Interview with Porsche Hungária Ltd. Managing Director, Tamás Wachtler

D&T
December 30, 2025

In Hungary’s automotive sector, annual new vehicle registrations are total around 150,000 units – comprising 120,000–125,000 passenger cars and roughly 25,000 light commercial vehicles. Based on new car registrations per capita, Hungary is positioned in the lower third of the European ranking.” Yet this stagnation also signals room for expansion, especially as the economic environment improves.

New car registrations in Hungary have remained stable at 120,000–130,000 units annually in recent years. A strategic priority going forward is to bring Hungary closer to the European average in new registrations per capita – an achievement that would mark a significant step forward for the domestic market, Tamás Wachtler tells Diplomacy&Trade.
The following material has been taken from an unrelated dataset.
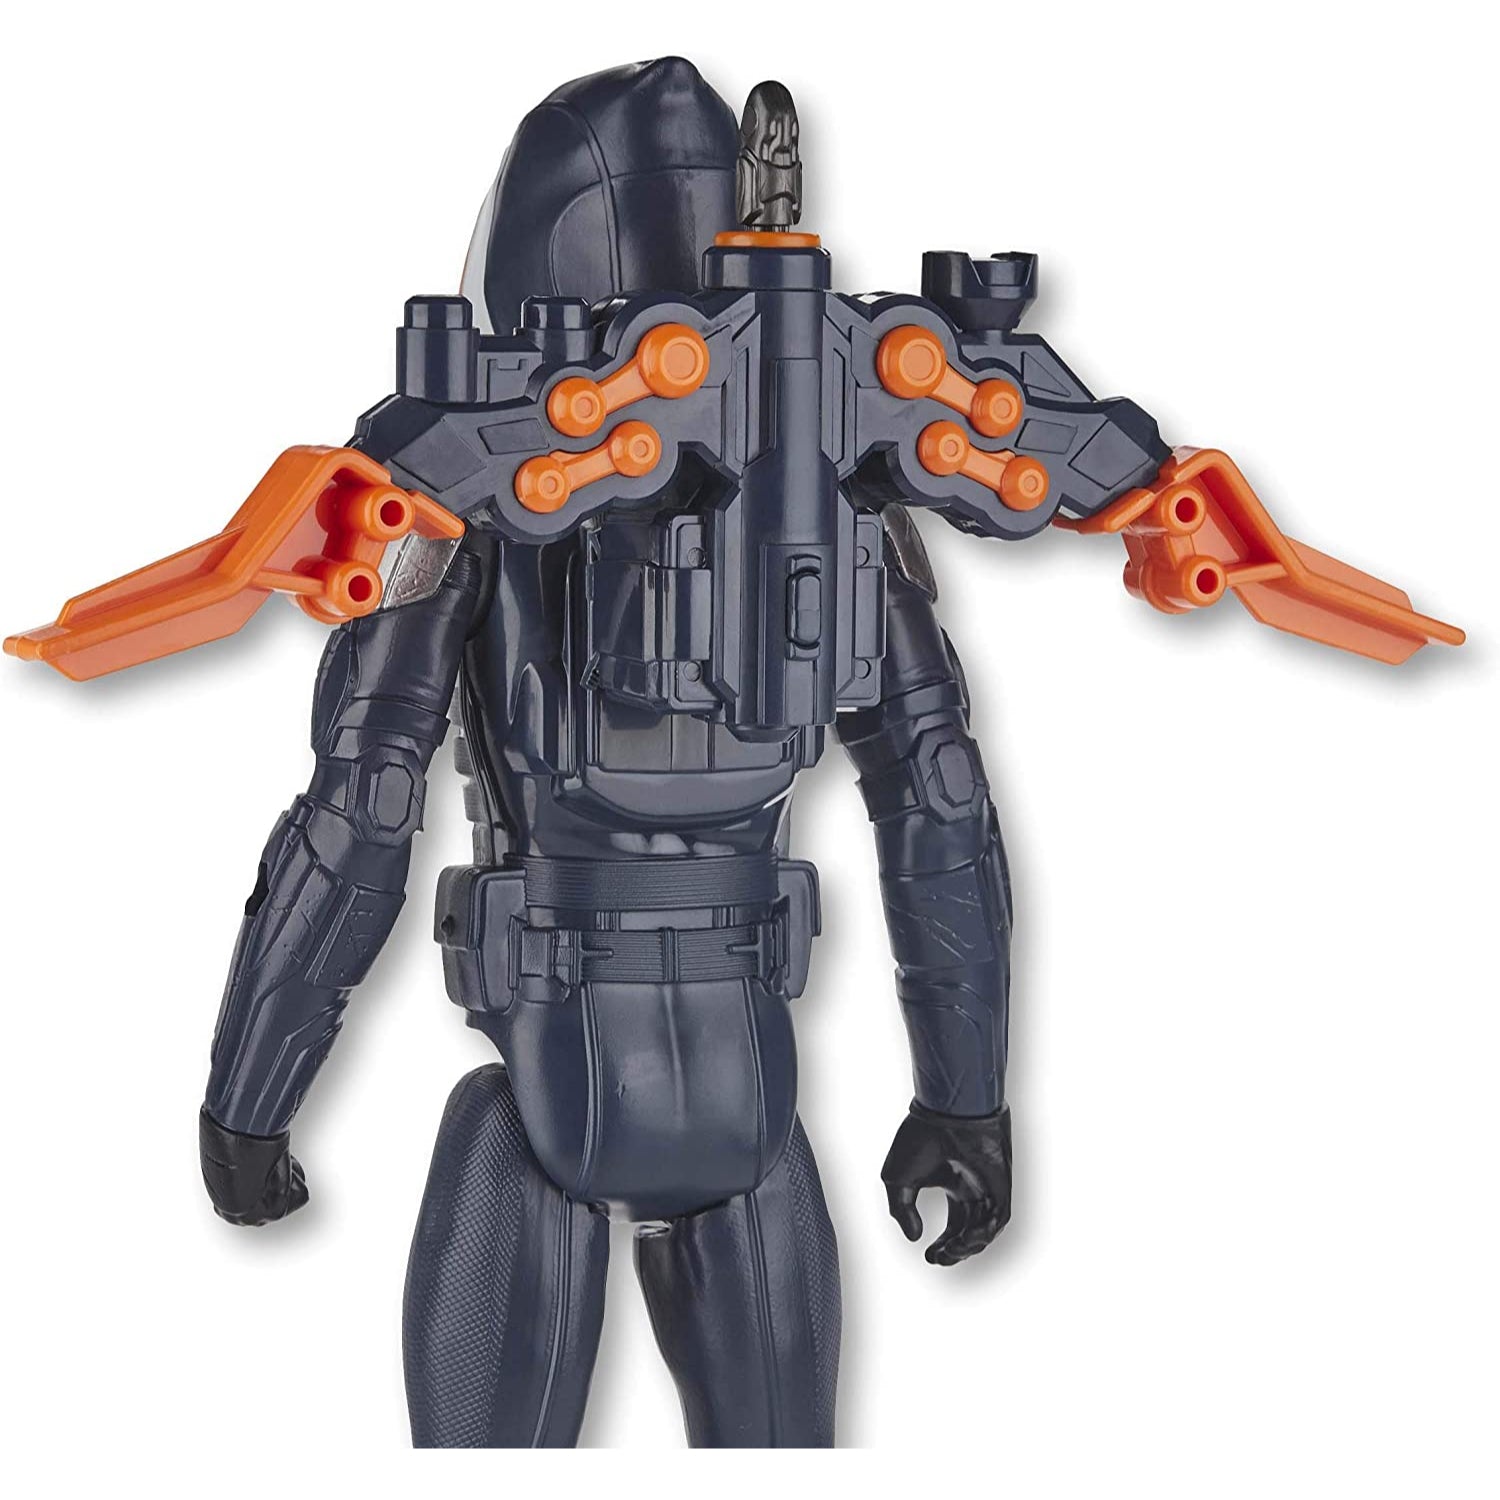 Hasbro Marvel Black Widow Titan Hero Series Blast Gear Taskmaster Action Figure, 12-Inch Toy

Strategic adaptation to inflation and high interest rates
Rising interest rates have had a strong cooling effect on household loans, directly influencing car sales. In response, the company introduced highly competitive financing schemes, including 0% offers, ensuring that vehicle purchases remain accessible even under tightening macroeconomic conditions. “These incentives have played a key role in maintaining and stimulating demand, enabling the brand to preserve strong market performance despite economic headwinds,” the Managing Director points out.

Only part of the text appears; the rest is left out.